* _Exercise directions_: Beginning with the line containing "Acoustical Wallmount dividers" and ending with the last line of the entries below, copy each line exactly and nothing else.

[Opening Record excerpts section]

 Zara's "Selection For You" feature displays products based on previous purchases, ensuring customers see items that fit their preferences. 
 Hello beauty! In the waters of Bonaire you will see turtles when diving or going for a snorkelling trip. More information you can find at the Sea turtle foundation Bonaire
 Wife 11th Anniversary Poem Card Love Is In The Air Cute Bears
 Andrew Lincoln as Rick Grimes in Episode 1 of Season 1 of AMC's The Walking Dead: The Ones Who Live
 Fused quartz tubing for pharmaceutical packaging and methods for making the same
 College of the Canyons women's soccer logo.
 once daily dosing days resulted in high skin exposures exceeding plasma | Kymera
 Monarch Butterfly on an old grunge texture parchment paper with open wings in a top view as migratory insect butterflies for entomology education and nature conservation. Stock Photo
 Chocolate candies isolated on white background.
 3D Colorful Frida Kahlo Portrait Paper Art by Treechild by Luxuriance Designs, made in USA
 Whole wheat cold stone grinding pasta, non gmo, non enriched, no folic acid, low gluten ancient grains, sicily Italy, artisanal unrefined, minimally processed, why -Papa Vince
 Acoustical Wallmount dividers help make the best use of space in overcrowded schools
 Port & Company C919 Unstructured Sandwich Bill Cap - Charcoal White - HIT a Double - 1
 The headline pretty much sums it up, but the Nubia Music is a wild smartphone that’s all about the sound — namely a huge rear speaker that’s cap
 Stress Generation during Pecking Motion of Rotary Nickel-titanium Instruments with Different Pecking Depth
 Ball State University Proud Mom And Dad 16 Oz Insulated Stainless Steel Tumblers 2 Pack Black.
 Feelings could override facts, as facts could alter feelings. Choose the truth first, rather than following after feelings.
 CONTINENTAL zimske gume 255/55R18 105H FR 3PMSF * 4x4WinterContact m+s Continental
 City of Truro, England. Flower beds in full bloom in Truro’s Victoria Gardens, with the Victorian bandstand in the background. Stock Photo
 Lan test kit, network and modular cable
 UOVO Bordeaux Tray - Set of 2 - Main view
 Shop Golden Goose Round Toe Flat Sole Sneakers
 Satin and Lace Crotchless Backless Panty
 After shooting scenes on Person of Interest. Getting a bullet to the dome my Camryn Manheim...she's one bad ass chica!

[Closing Record excerpts section]

* _Answer section_:
 Acoustical Wallmount dividers help make the best use of space in overcrowded schools
 Port & Company C919 Unstructured Sandwich Bill Cap - Charcoal White - HIT a Double - 1
 The headline pretty much sums it up, but the Nubia Music is a wild smartphone that’s all about the sound — namely a huge rear speaker that’s cap
 Stress Generation during Pecking Motion of Rotary Nickel-titanium Instruments with Different Pecking Depth
 Ball State University Proud Mom And Dad 16 Oz Insulated Stainless Steel Tumblers 2 Pack Black.
 Feelings could override facts, as facts could alter feelings. Choose the truth first, rather than following after feelings.
 CONTINENTAL zimske gume 255/55R18 105H FR 3PMSF * 4x4WinterContact m+s Continental
 City of Truro, England. Flower beds in full bloom in Truro’s Victoria Gardens, with the Victorian bandstand in the background. Stock Photo
 Lan test kit, network and modular cable
 UOVO Bordeaux Tray - Set of 2 - Main view
 Shop Golden Goose Round Toe Flat Sole Sneakers
 Satin and Lace Crotchless Backless Panty
 After shooting scenes on Person of Interest. Getting a bullet to the dome my Camryn Manheim...she's one bad ass chica!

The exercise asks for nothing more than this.